# [Problem to solve]
Please write out the full listing beneath this line exactly, skipping its images.

# [Stored data]
====
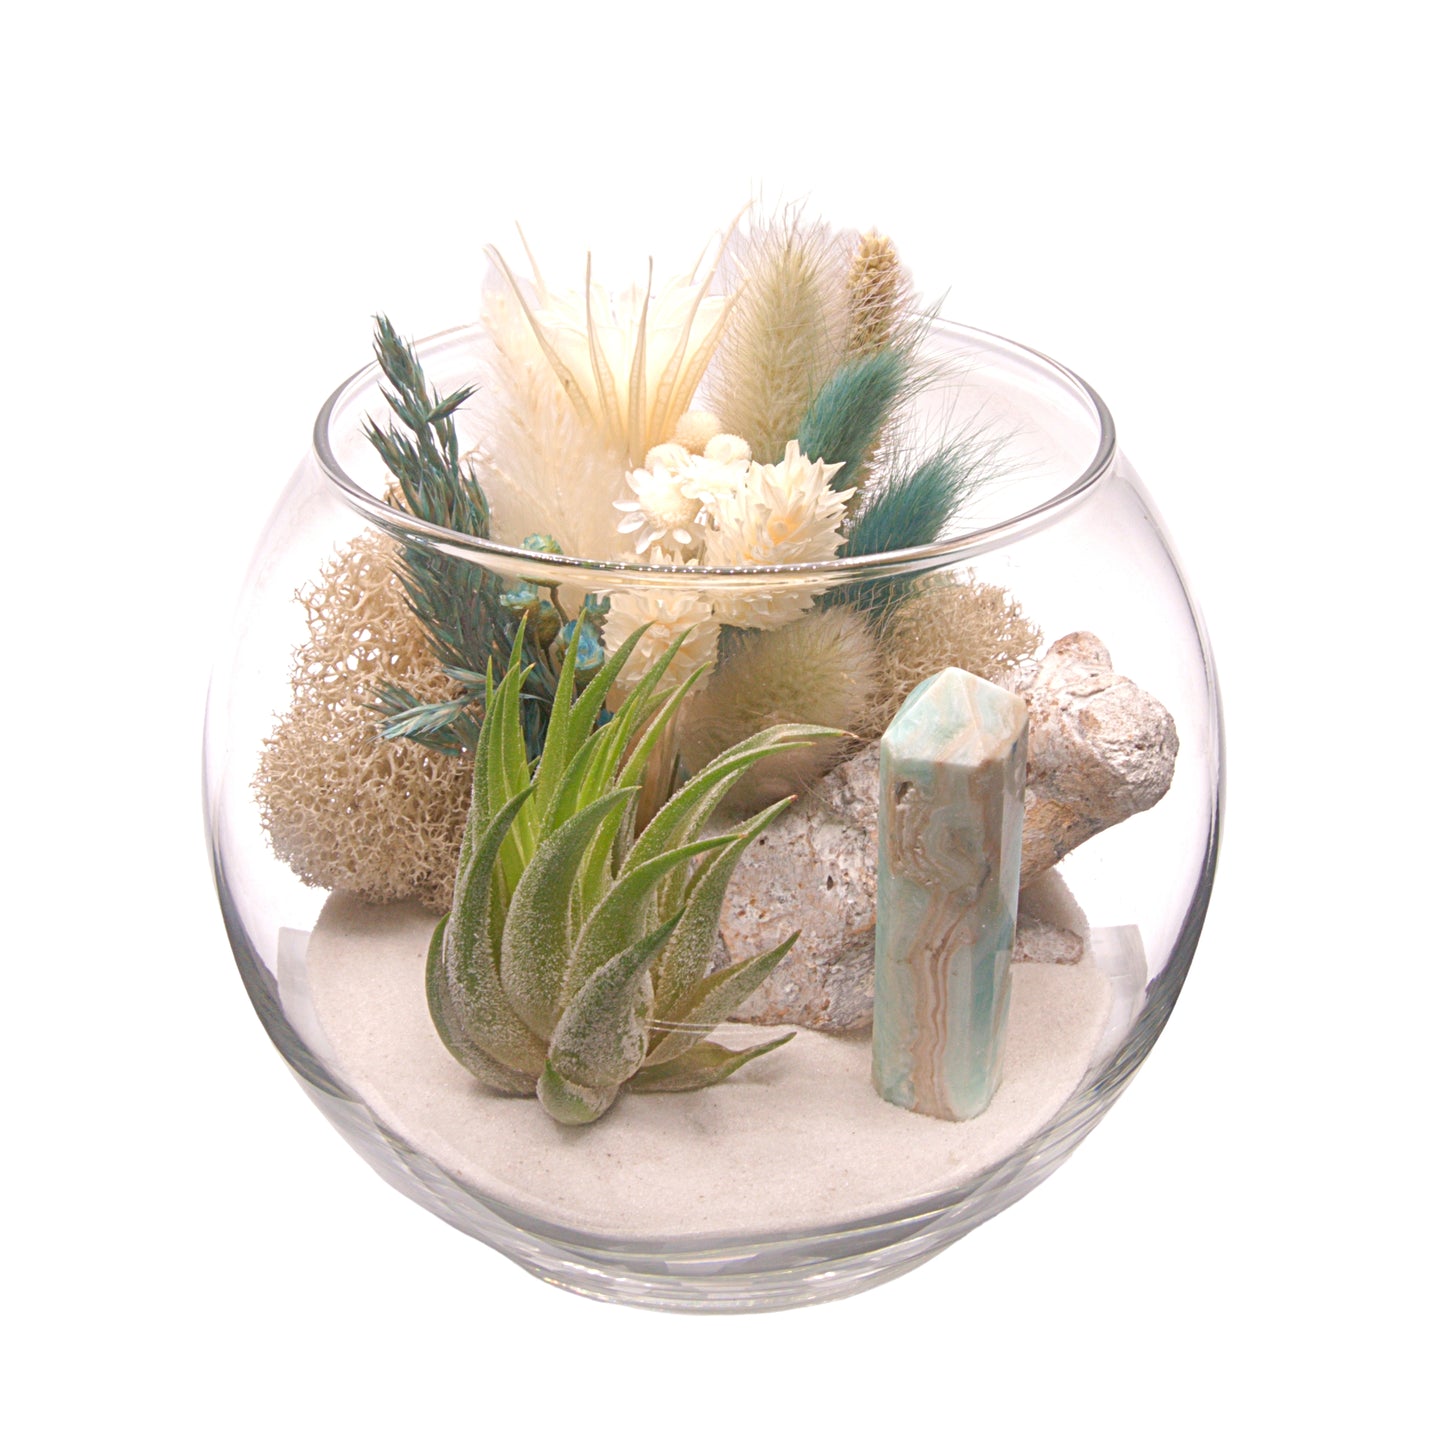 Terrarium à bol avec une plante aérienne - Calcite des Caraïbes
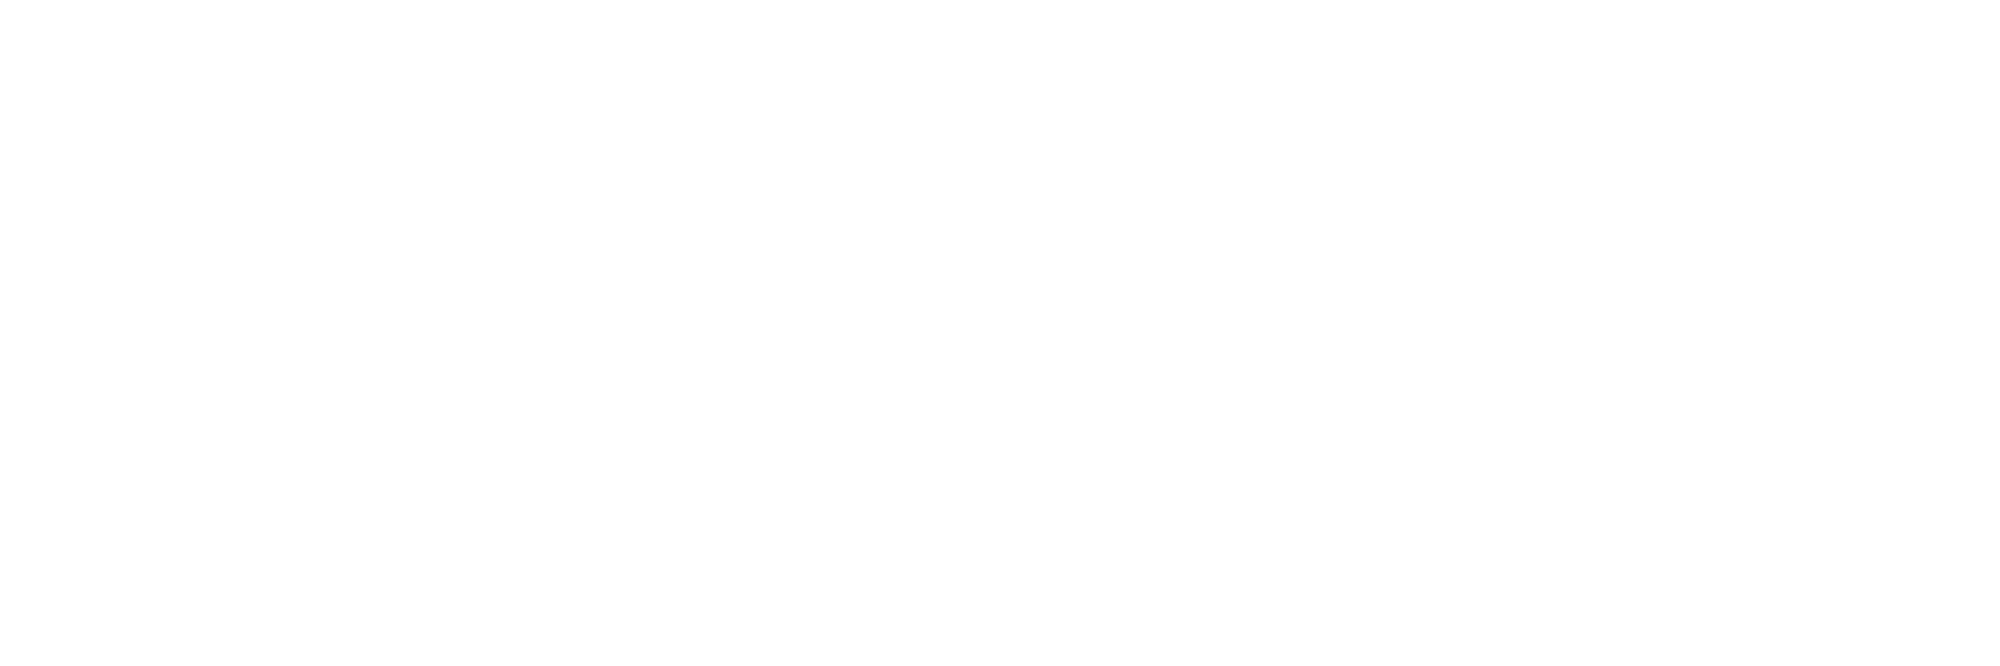 Libertas Estate Planning Logo
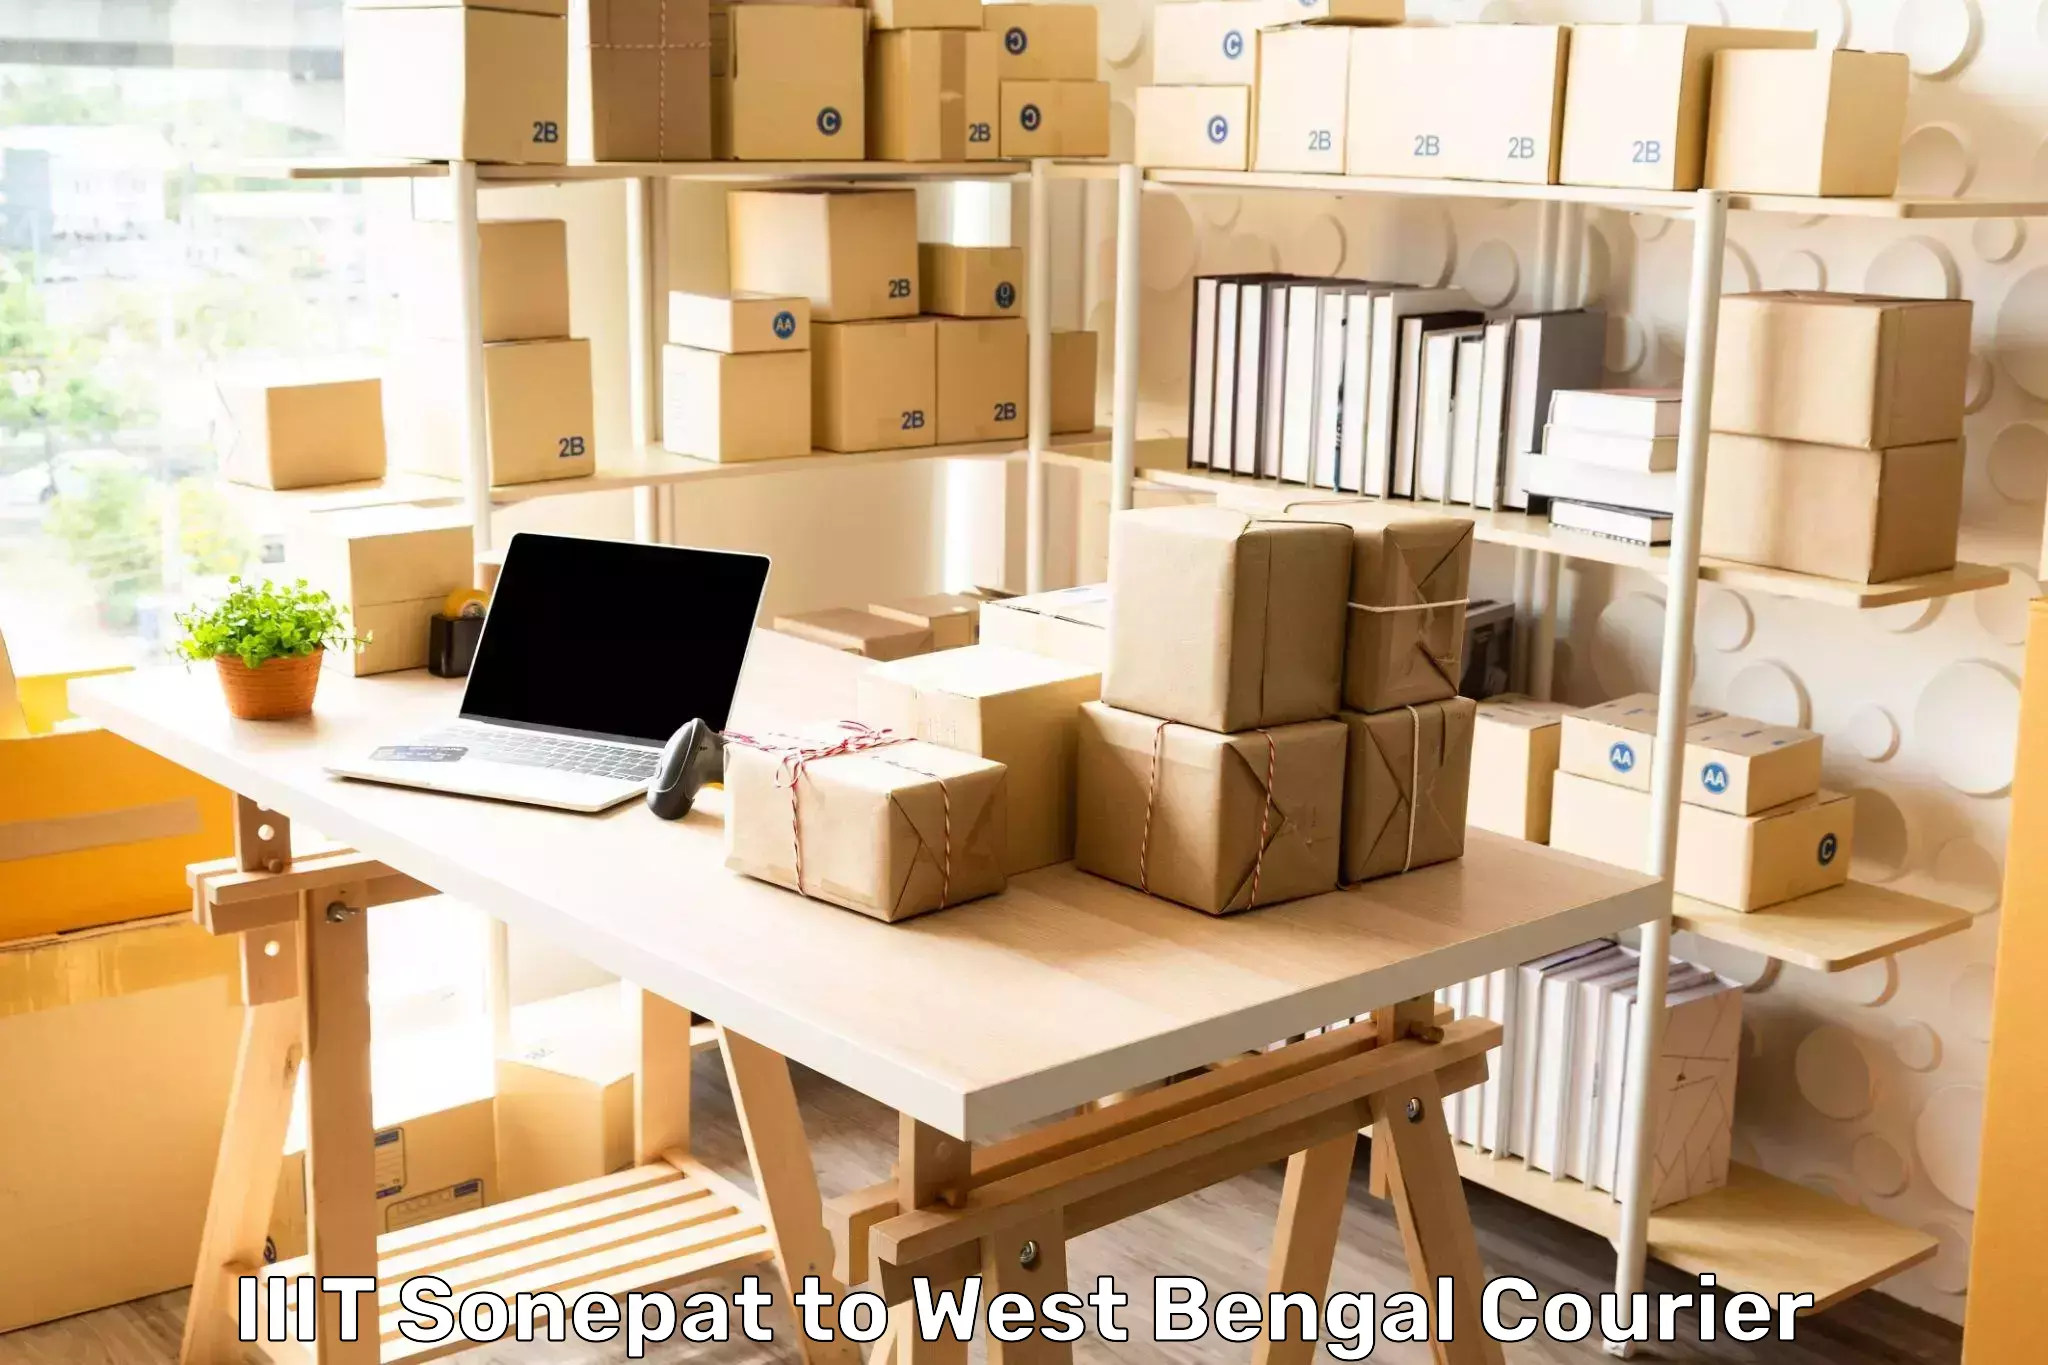 Logistics efficiency in IIIT Sonepat to West Bengal
====
# [Response box]
 Terrarium à bol avec une plante aérienne - Calcite des Caraïbes
 Libertas Estate Planning Logo
 Logistics efficiency in IIIT Sonepat to West Bengal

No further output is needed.